I collected myself quickly because my oldest son was sitting quietly sobbing in the seat beside me and I knew I needed to teach him faith and forgiveness and to model it myself (there’s a lesson in the growth we will have if we are focused on teaching others rather than spending too much time sobbing ourselves, but that’s for another day.) I prayed a lot and I thought a lot and within a day I had my mind and my heart wrapped around it peacefully. Wonderful, but the detritus of the last year still lies around me, however peaceful I may feel about God’s awareness of the whole mess.
This morning I opened my scriptures that I keep in bed with me after my evening reading, and turned, as is my morning habit, to wherever they fell. It was the story in John of Lazarus. I was overcome with emotion as I read the words, “Now Jesus loved Martha, and her sister, and Lazarus.”
The story is familiar – Jesus waited to go to Bethany, knowing full well that Lazarus was sick and would die, and knowing also that he would use this experience to boost their faith in his ultimate power and destiny. And it did. But it was hard. And he had the presence of soul to weep with them instead of brushing away their sadness and questioning simply because he knew how it all would end.
We can read this without understanding, knowing how it all ended, missing the nuances of the experience that are only available if we walk in darkness with them as it unfolds, weeping with them. Jesus knew that Lazarus was not intended to die yet, that his Father had orchestrated the situation to bless the very people who would suffer with a profound assurance that he had the power to be resurrected. They did not know this; they walked in darkness, just as he noted before he even made the journey.
“If any man walk in the day, he stumbleth not, because he seeth the light of this world. But if a man walk in the night, he stumbleth, because there is no light in him.” There is no shame in stumbling when one walks in darkness, there is probably no better way to appreciate light, and there is certainly no other way to develop light within. Why would we even know to want that when we can see everything around us with perfect clarity?

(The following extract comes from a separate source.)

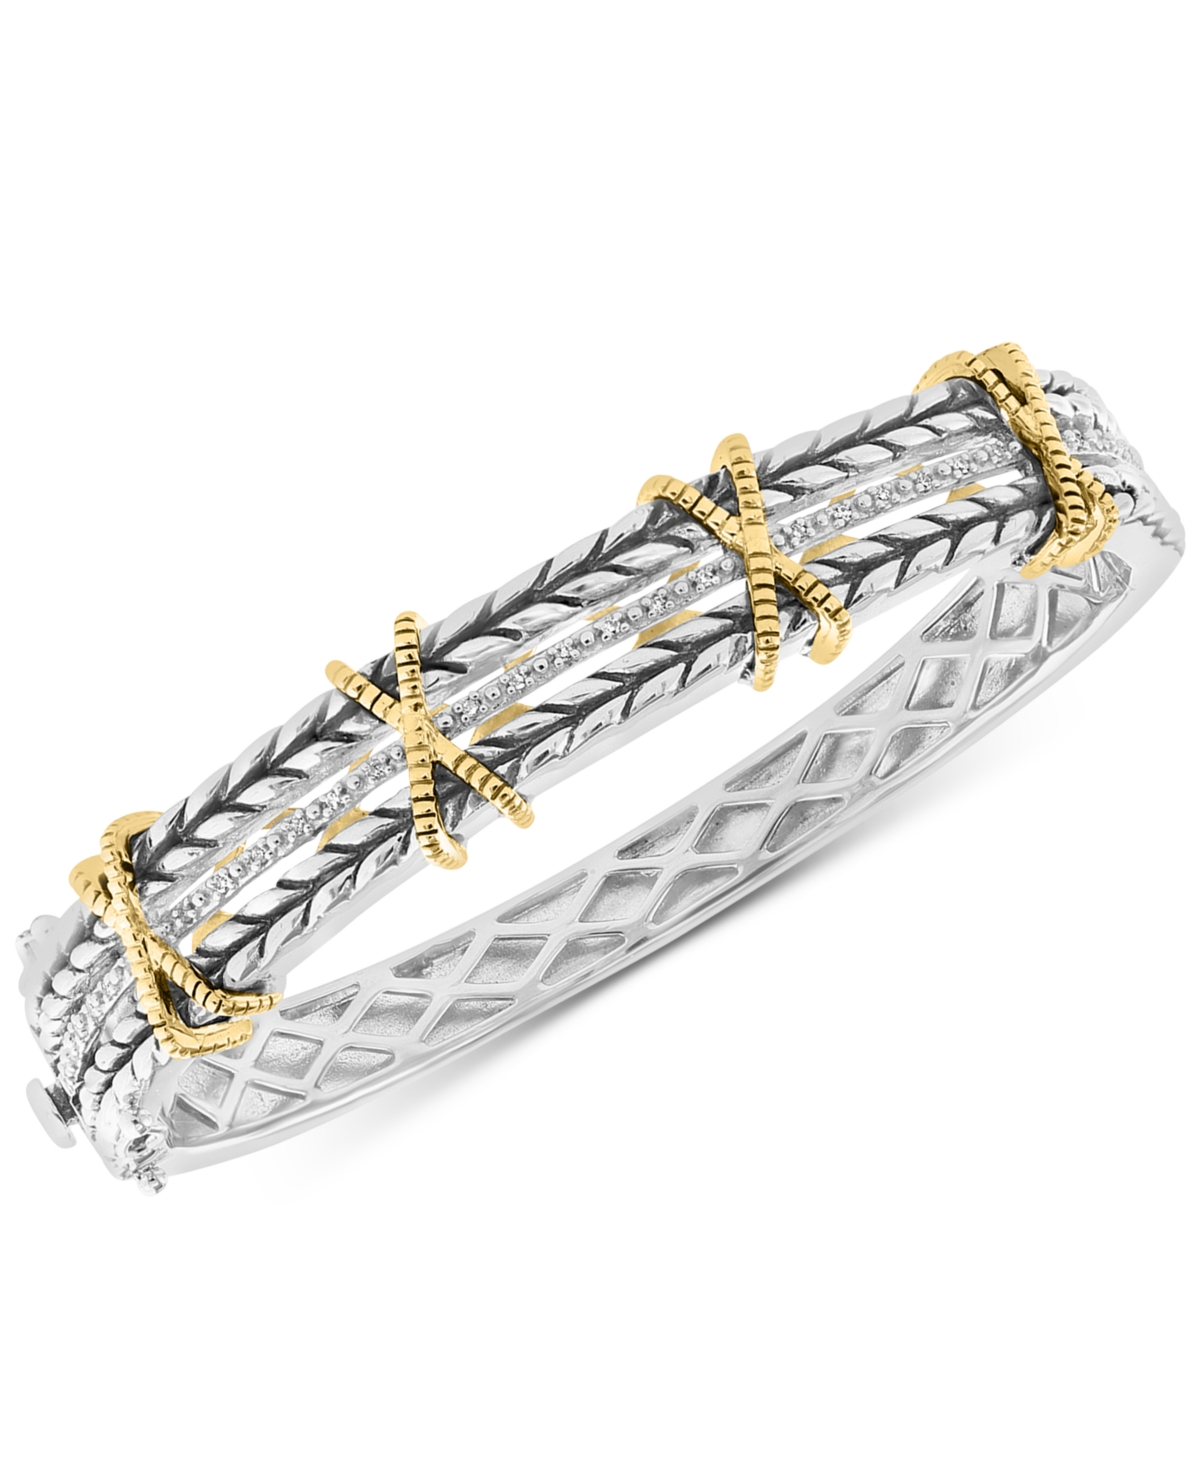 Effy Collection Effy Diamond X Bangle Bracelet (1/8 Ct. T.w.) In Sterling Silver & 18k Gold-plate In K Yellow Gold Over Sterling Silver

Martha and Mary already understood that Jesus had the power to rescue before death. What he came to teach them through that dark night was that he also had the power to rescue after death – Lazarus, each of them, and even himself. As they walked through that dark night and stumbled, he stood in stark contrast on the hill, light. The others who saw Lazarus walk haltingly out of the tomb may have thought it interesting, but not having walked through the night, the experience was likely not particularly profound, and the crystal of the experience likely later discarded.
How much he truly did love Mary and Martha, to make them wait, in the darkness, singing songs and trying to be gracious as others moved forward with their happy hike, stumbling in the deeper darkness, precisely so that when they turned to look, that profound light would enter them and stay.
This morning the light seems a bit brighter than before, the crystal a bit more precious. The waiting was worth it.